While Thomas talks about specific vaccines and their impact on certain diseases I thought I would cover some more general topics under the umbrella of vaccines. So let me present my own vaccine mini-series to supplement Thomas’ – Vaccines: how they are made?, how do they work?, and why we can’t rely on therapeutics alone in the fight against disease?

This week we will look at how some of the common ways vaccines are made. This has been a topic of interest to me for a while, ever since I heard someone from the (miss-information spreading, anti-vaccination supporting) Australian Vaccination Network giving a talk at a Vegan festival about the dangers of vaccines. In front of a room full of people this woman proudly proclaimed that the polio vaccine is made in monkey brains and if you let your child take the oral polio vaccine they will be eating monkey brain. I was dragged away before I could ‘politely question’ the woman by my wife, who had declared a science free weekend :).

Anyway, the point is that this woman was talking crap. There would be no logic to making the vaccine in monkey brains, how many monkey brains does she think evil scientists can get their hands on? All the monkey heads I get my hands on are used in the construction of two headed monkey slaves. I wouldn’t waste them on vaccine production.

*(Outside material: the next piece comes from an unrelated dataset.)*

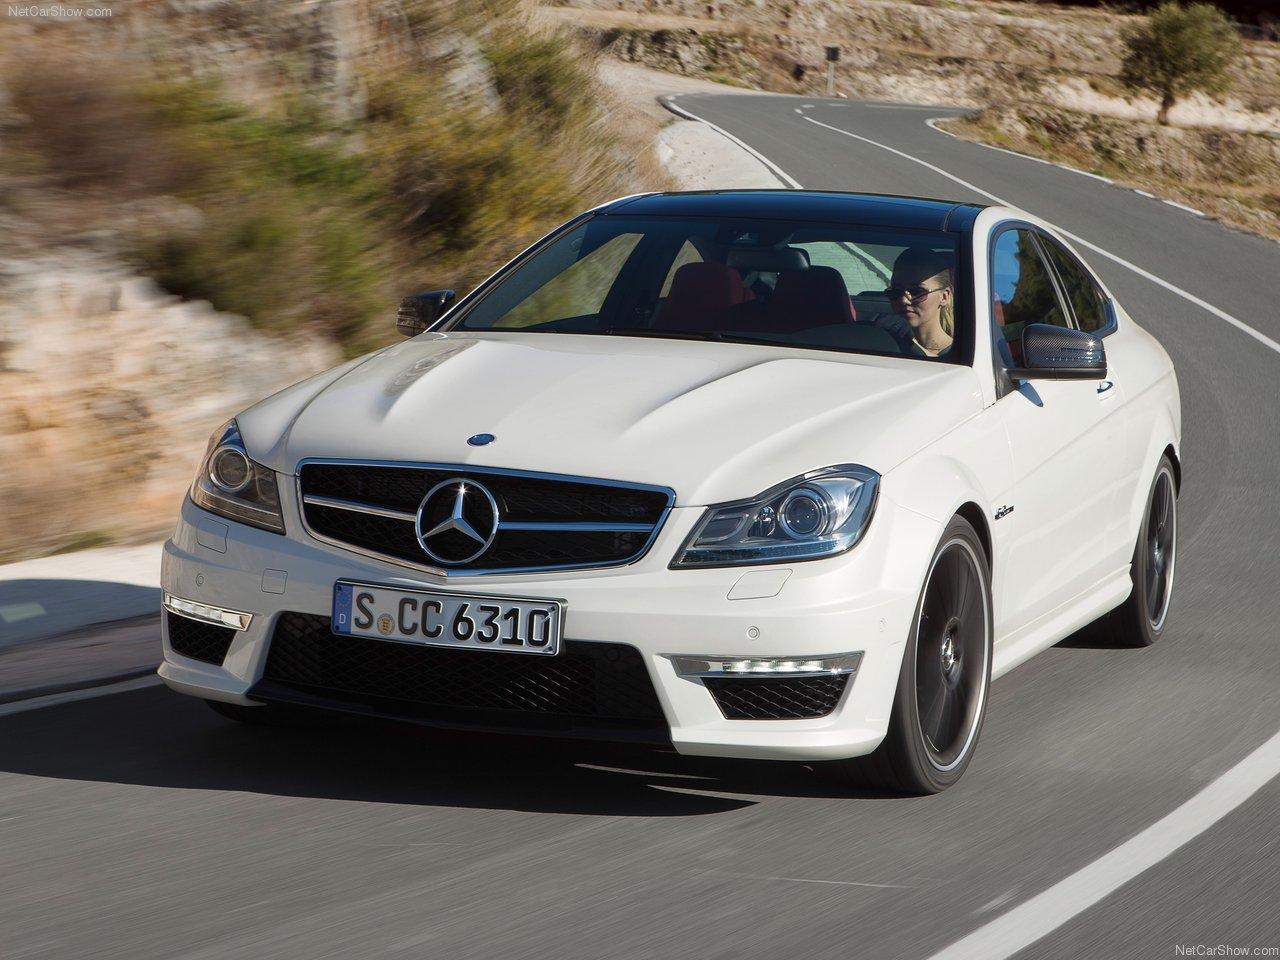 http://3.bp.blogspot.com/-OvYD24pEQws/TYYUXVj1HLI/AAAAAAACMJM/ZCpC-clvLlY/s1600/Mercedes-Benz-C63_AMG_Coupe_2012_1280x960_wallpaper_05.jpg

I can only assume a two-headed monkey would complete my typing faster than a lazy, stupid one-headed monkey <http://commons.wikimedia.org/wiki/File:Monkey-typing.jpg&gt;

So what are the different types of vaccines and how are they made? There are a number of different types of vaccines and each have been developed for different reasons, to prevent different types of disease and to do specific jobs once inside the body. I’ll talk more about the body’s response next week but for now we can just look at the vaccines.

One of the oldest and most popular vaccines is the ‘killed vaccines’. As is implied the killed vaccines are whole infectious particles that are killed or inactivated in some way so they are no longer infectious but, importantly, still look to the immune system like they would if they were alive. Inactivation can be done using chemicals such as formalin and formaldehyde or can simply be ‘heat-inactivated’ or as I like to think of them – cooked. The early pneumococcal vaccines were cooked and now smallpox and Hepatitis B vaccines can be produced in this way. The inactivated vaccines are great because it is impossible for them to cause disease, they’re dead – so they’re fine.

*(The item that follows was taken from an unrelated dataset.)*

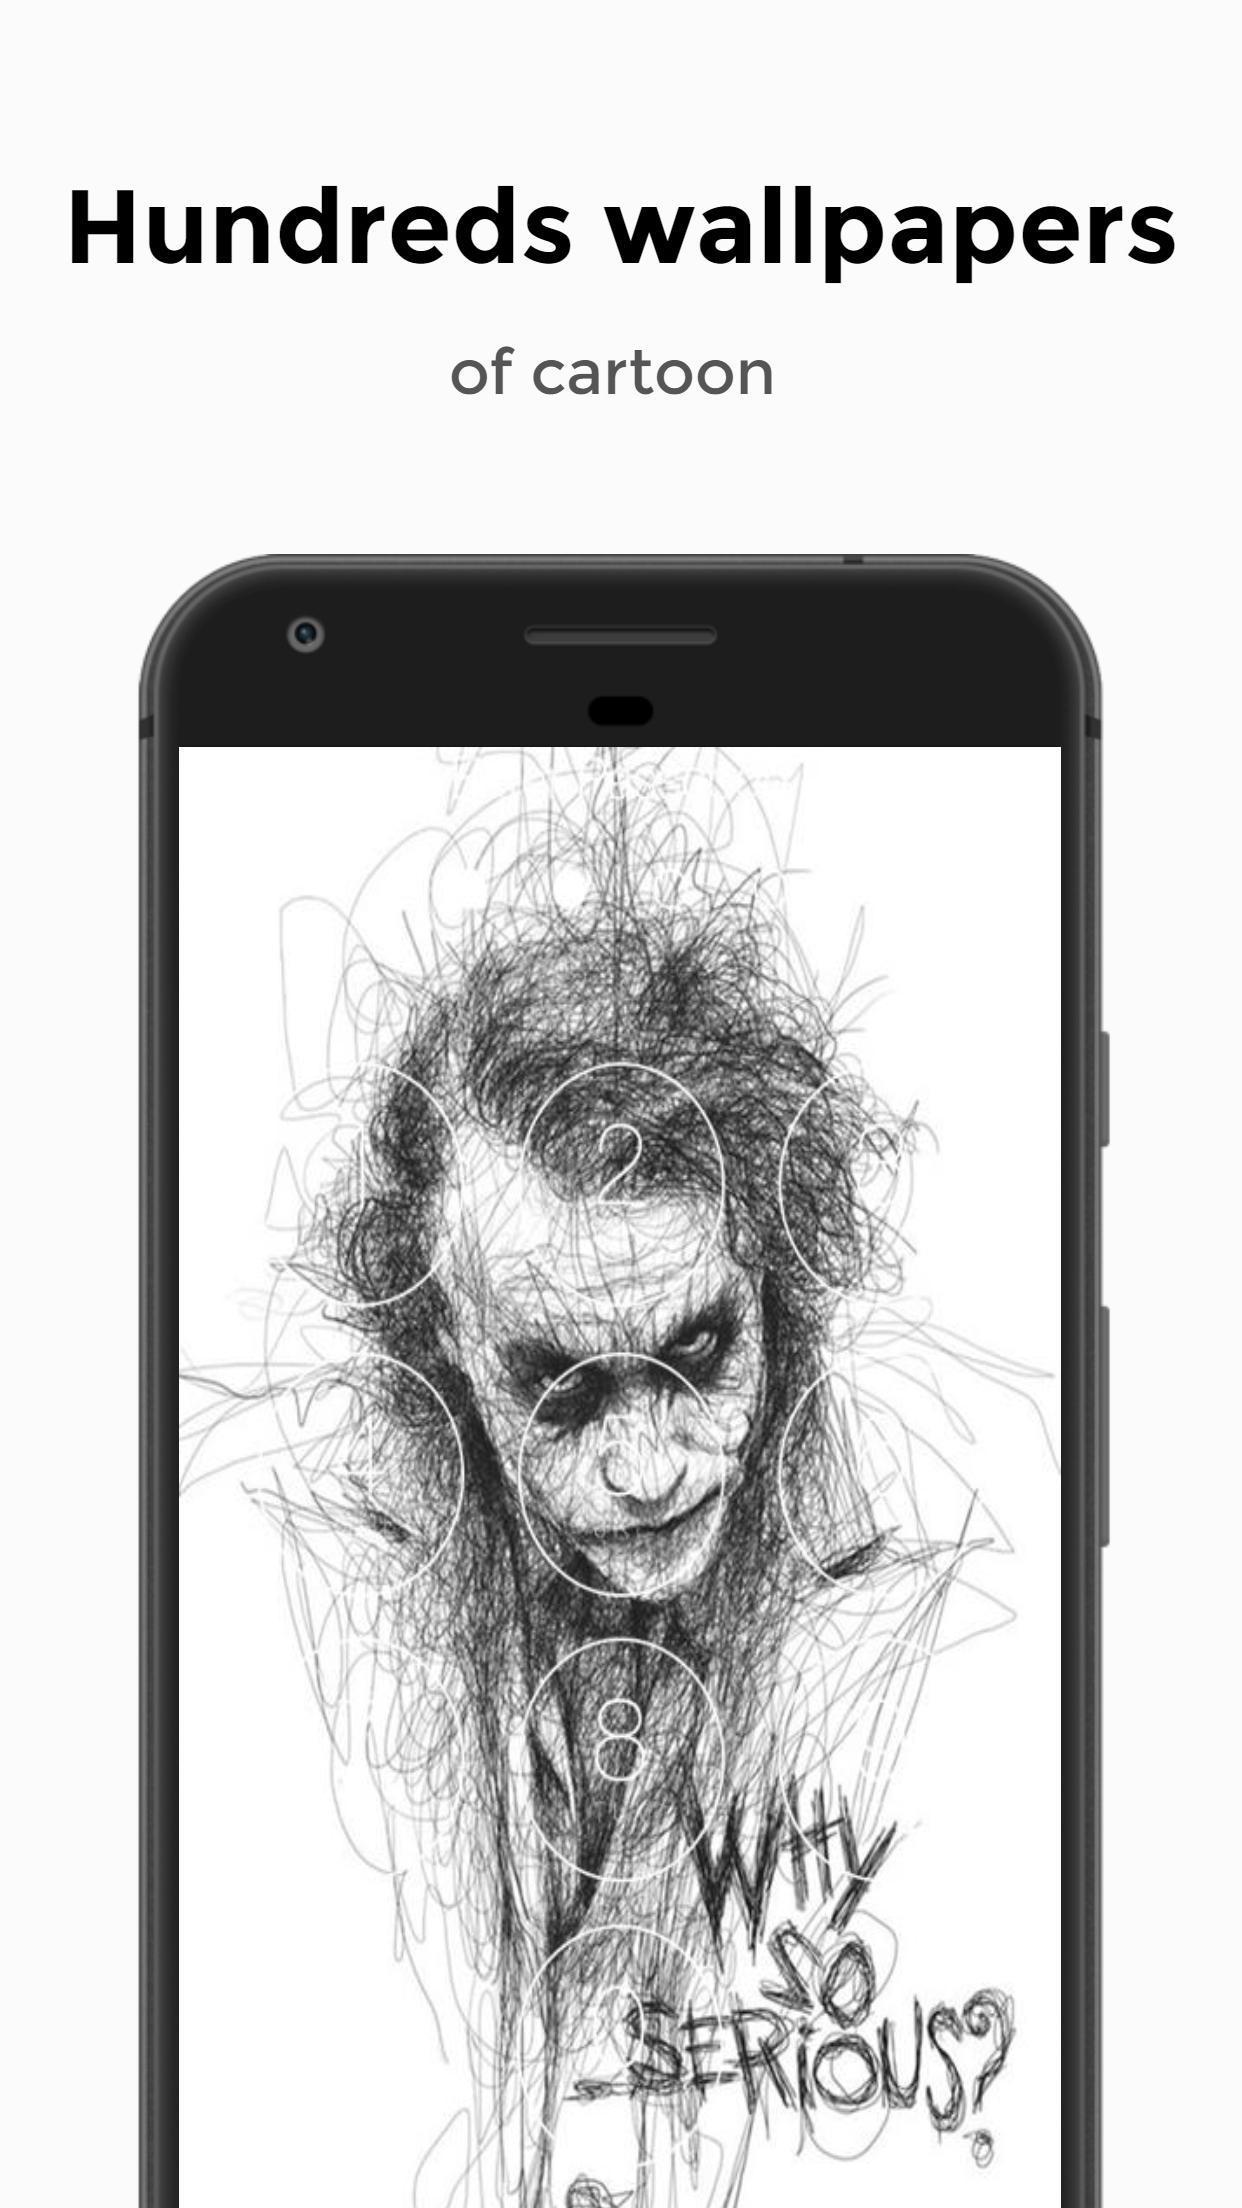 Joker Lock Screen Wallpaper For Android Apk Download

No word yet on the efficacy of undead vaccines on the undead <http://www.flickr.com/photos/ateofiel/292853829/sizes/o/in/photostream/&gt;

A variation of the inactivated vaccines are the toxoid vaccines. These vaccines are designed to protect not against the whole micro-organism but against any toxic product it may make. Generally this involves taking the toxin itself and heating it. This works particularly well for protein toxins as they unravel when heated excessively so the protein toxins are rendered useless but even unravelled all the toxin components remain present allowing your immune system to recognise the constituent parts and, with any luck, the normal form of the toxin as well. Tetanus and diphtheria toxins have been used to make toxoid vaccines but snake and spider venom have also been used and are administered to farm animals in some cases.

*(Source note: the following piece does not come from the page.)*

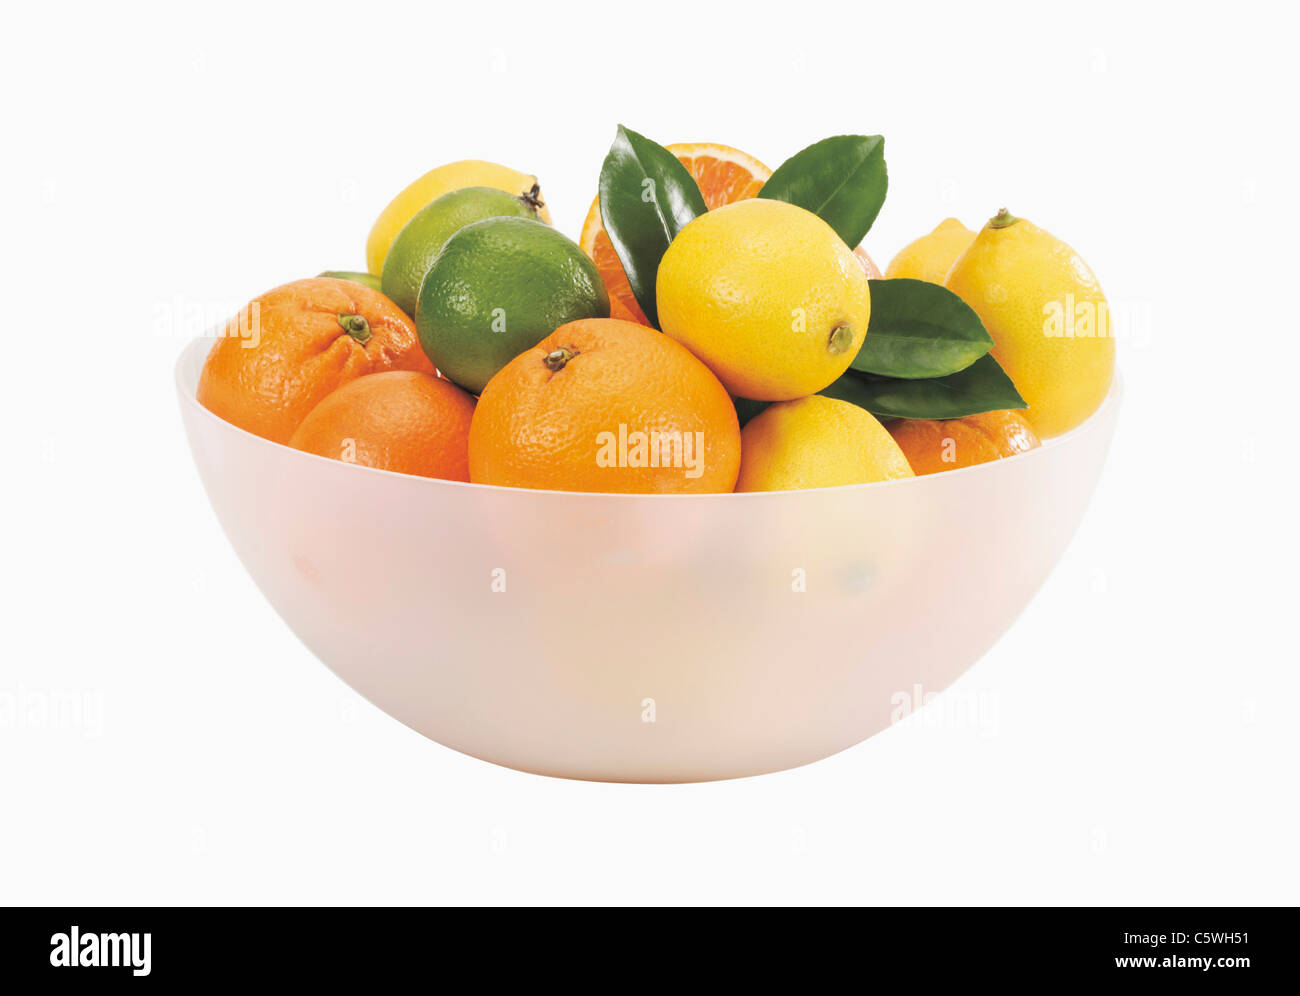 Bowl with fresh oranges and lemons against white background - Stock Image

Attenuated vaccines are a little different because they involve a live infectious disease particle that has been severely weakened. They are often more effective than inactivated vaccines because you can generally introduce the attenuated version via the normal route of infection to maximise the appropriate response. To attenuate an infectious organism the best and most utilised way is to take a human version of the disease and force it to infect something not human. That could be a whole animal like a mouse or a cell line derived from another spices such as Vero cells that were derived from monkey kidneys. If you force the infection and collect the micro-organisms that were successful and re-infect your non-human host number of times (generally 7-8 times) you can end up with a human pathogen that is optimised for infecting a non-human. This gives you immune system a significant advantage in generating an immune response and life-long protection against something that looks like the real thing but doesn’t behave like the real thing.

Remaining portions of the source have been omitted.